ACTIVITY - Nothing but an exact repeat of the data, with pictures removed, belongs in the answer.

SOURCE MATERIAL -
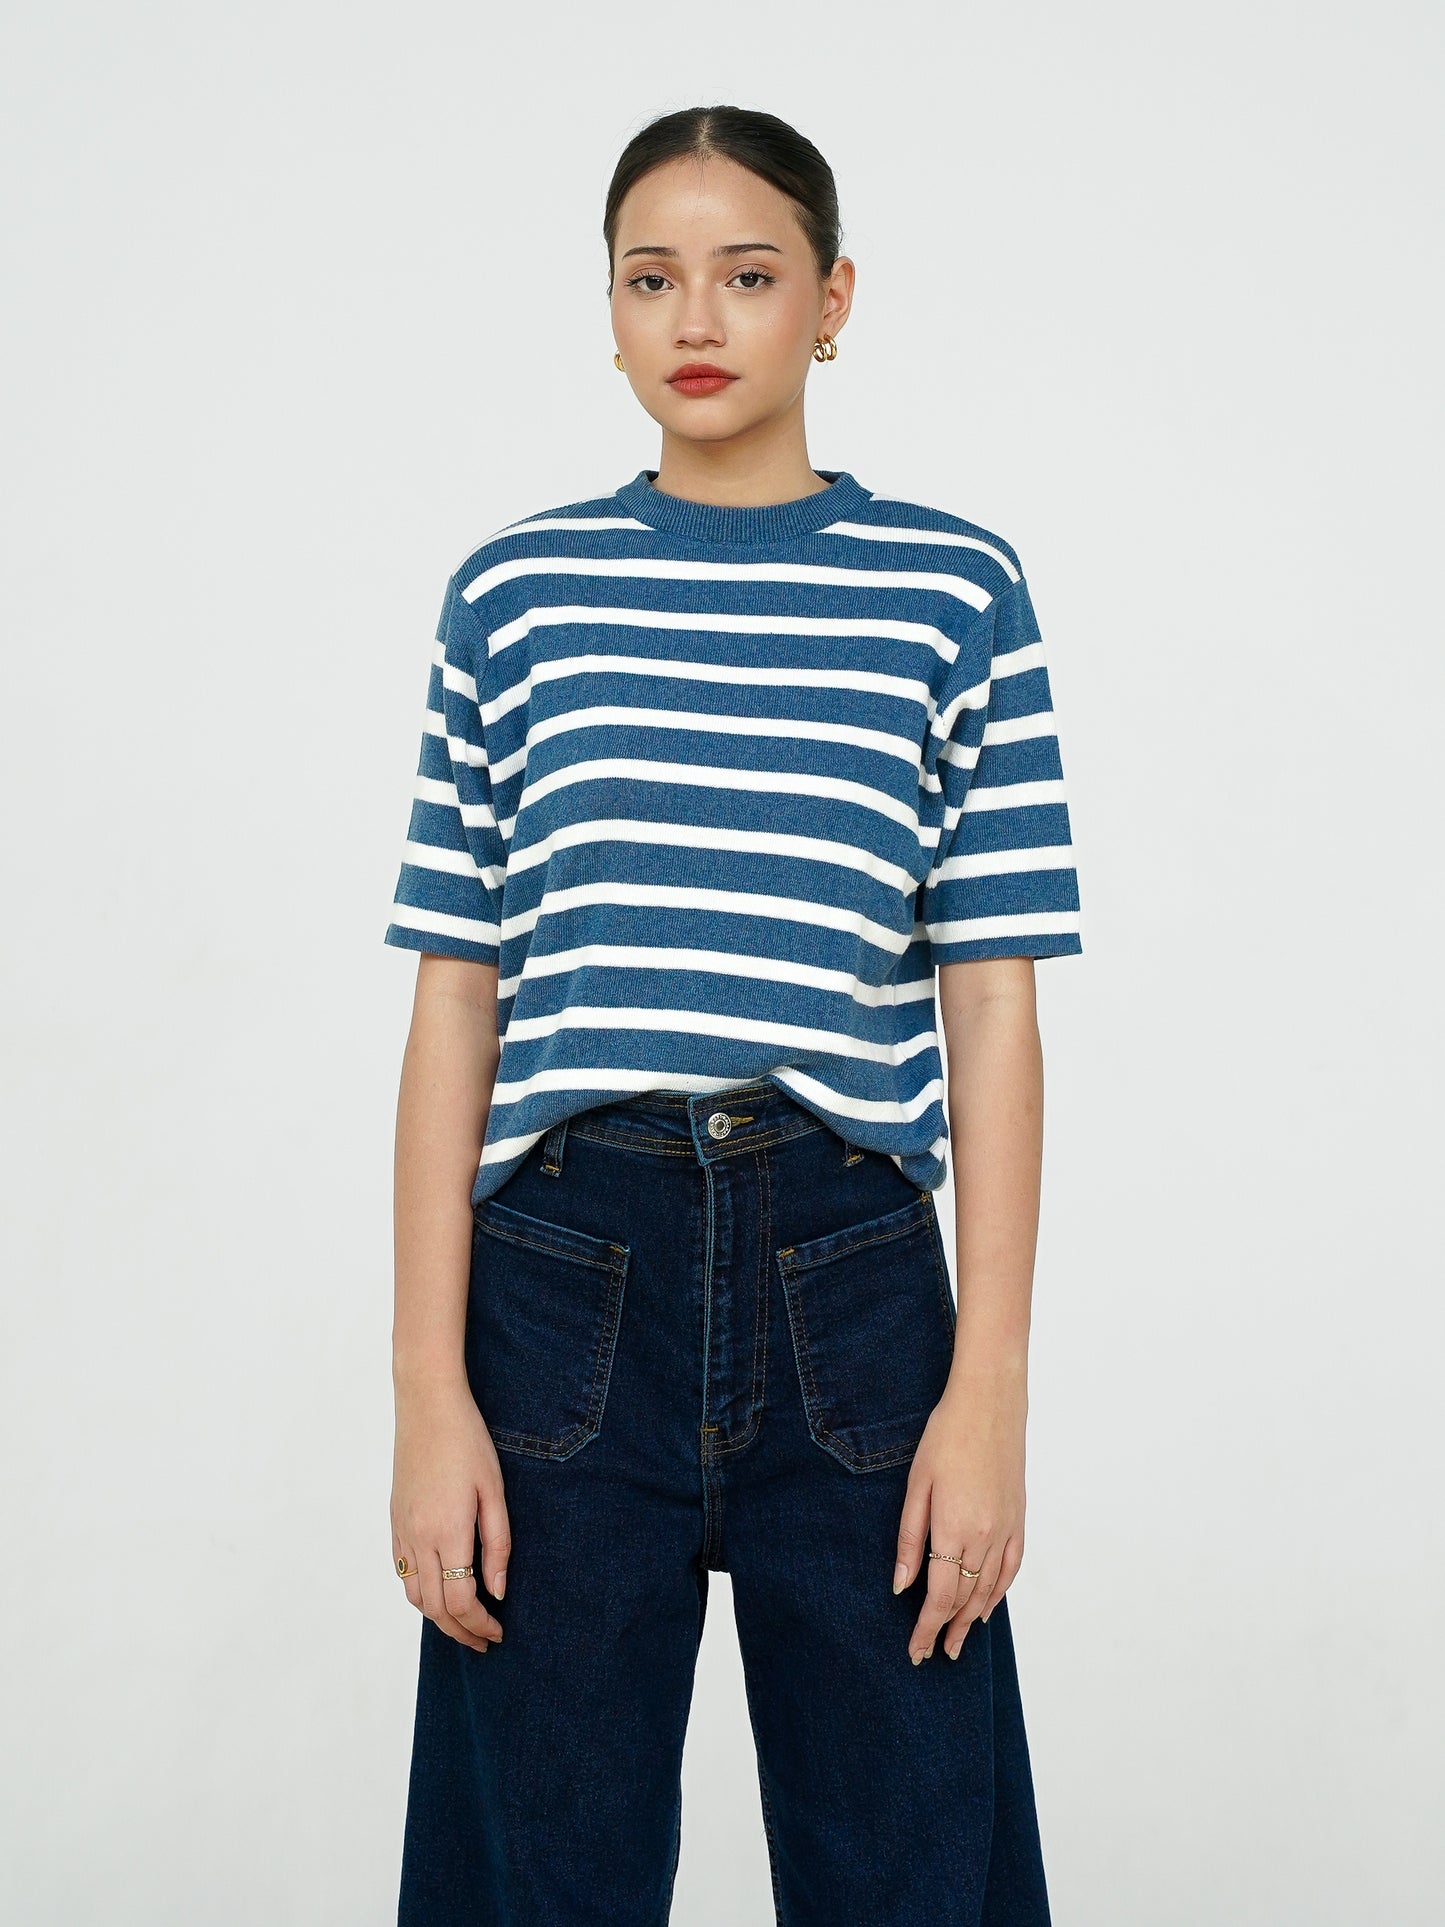 Mercia Striped Knit Top Short Sleeve Striped Dark Blue
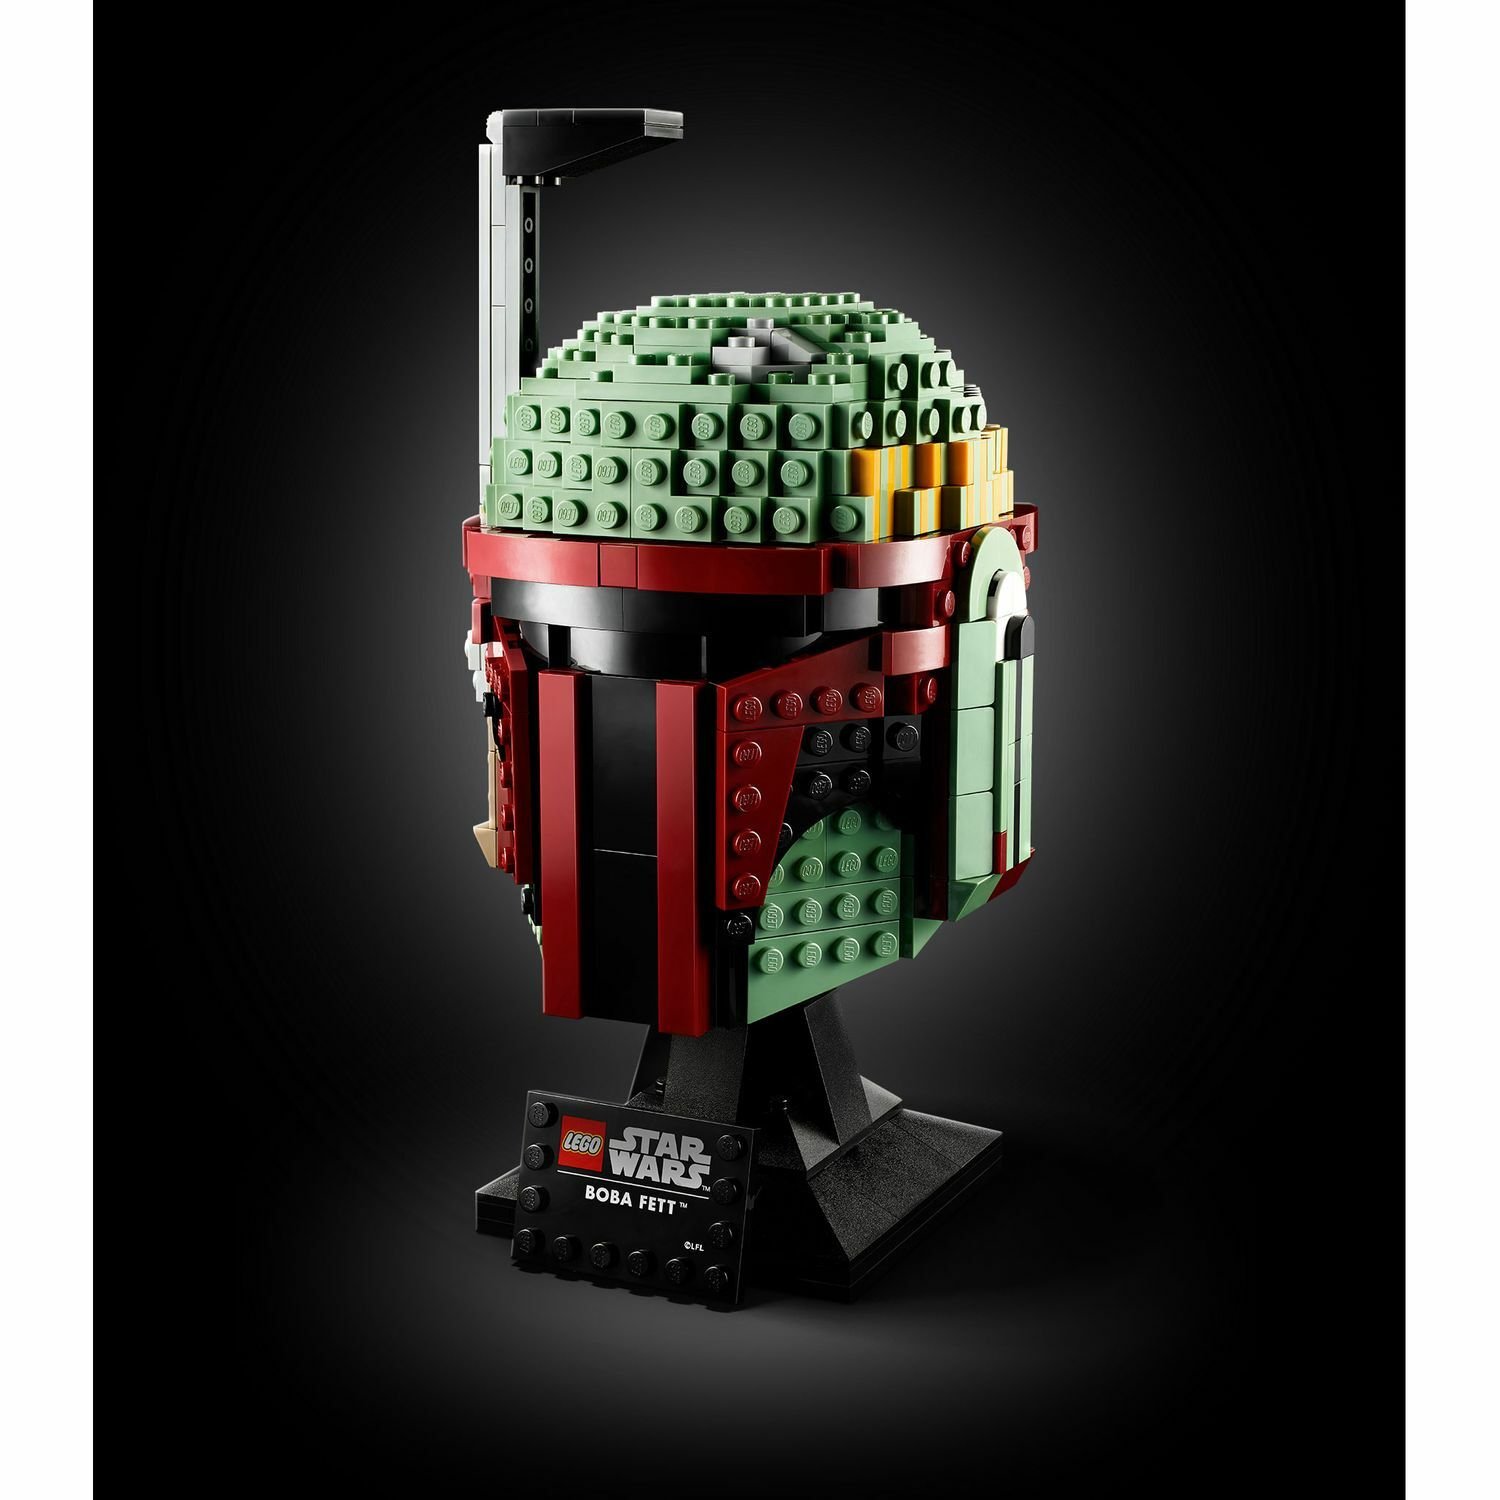 Lego Star Wars 75277 Шлем Бобы Фетта
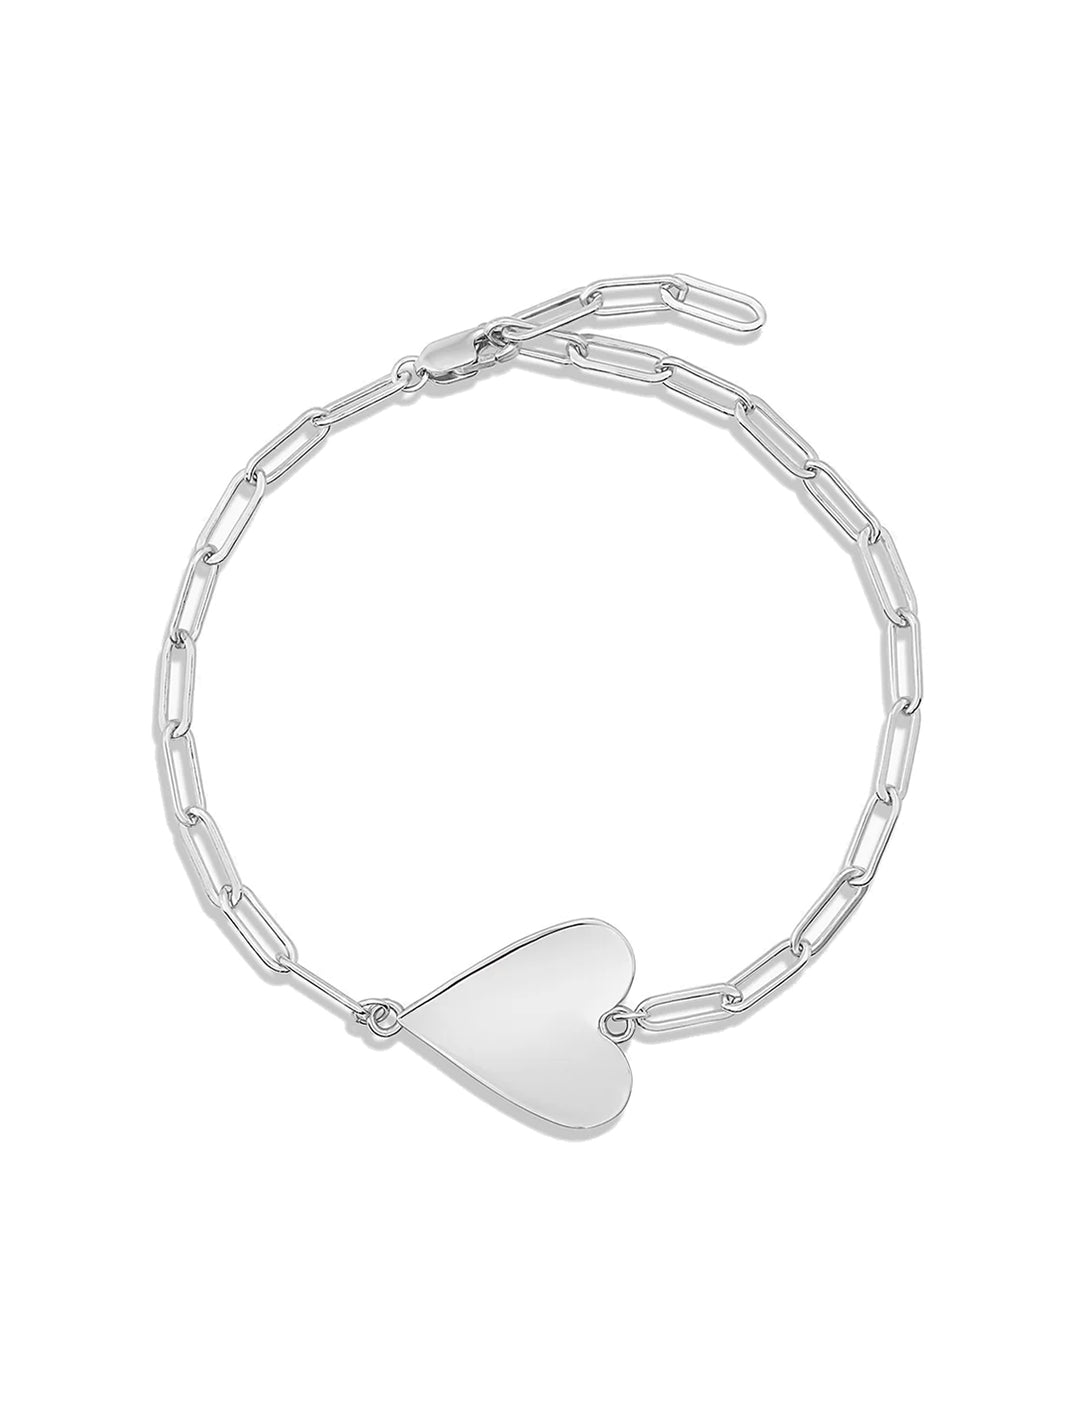 Overhead view of THATCH's amaya heart bracelet in silver.

EXERCISE RESULT -
 Mercia Striped Knit Top Short Sleeve Striped Dark Blue
 Lego Star Wars 75277 Шлем Бобы Фетта
 Overhead view of THATCH's amaya heart bracelet in silver.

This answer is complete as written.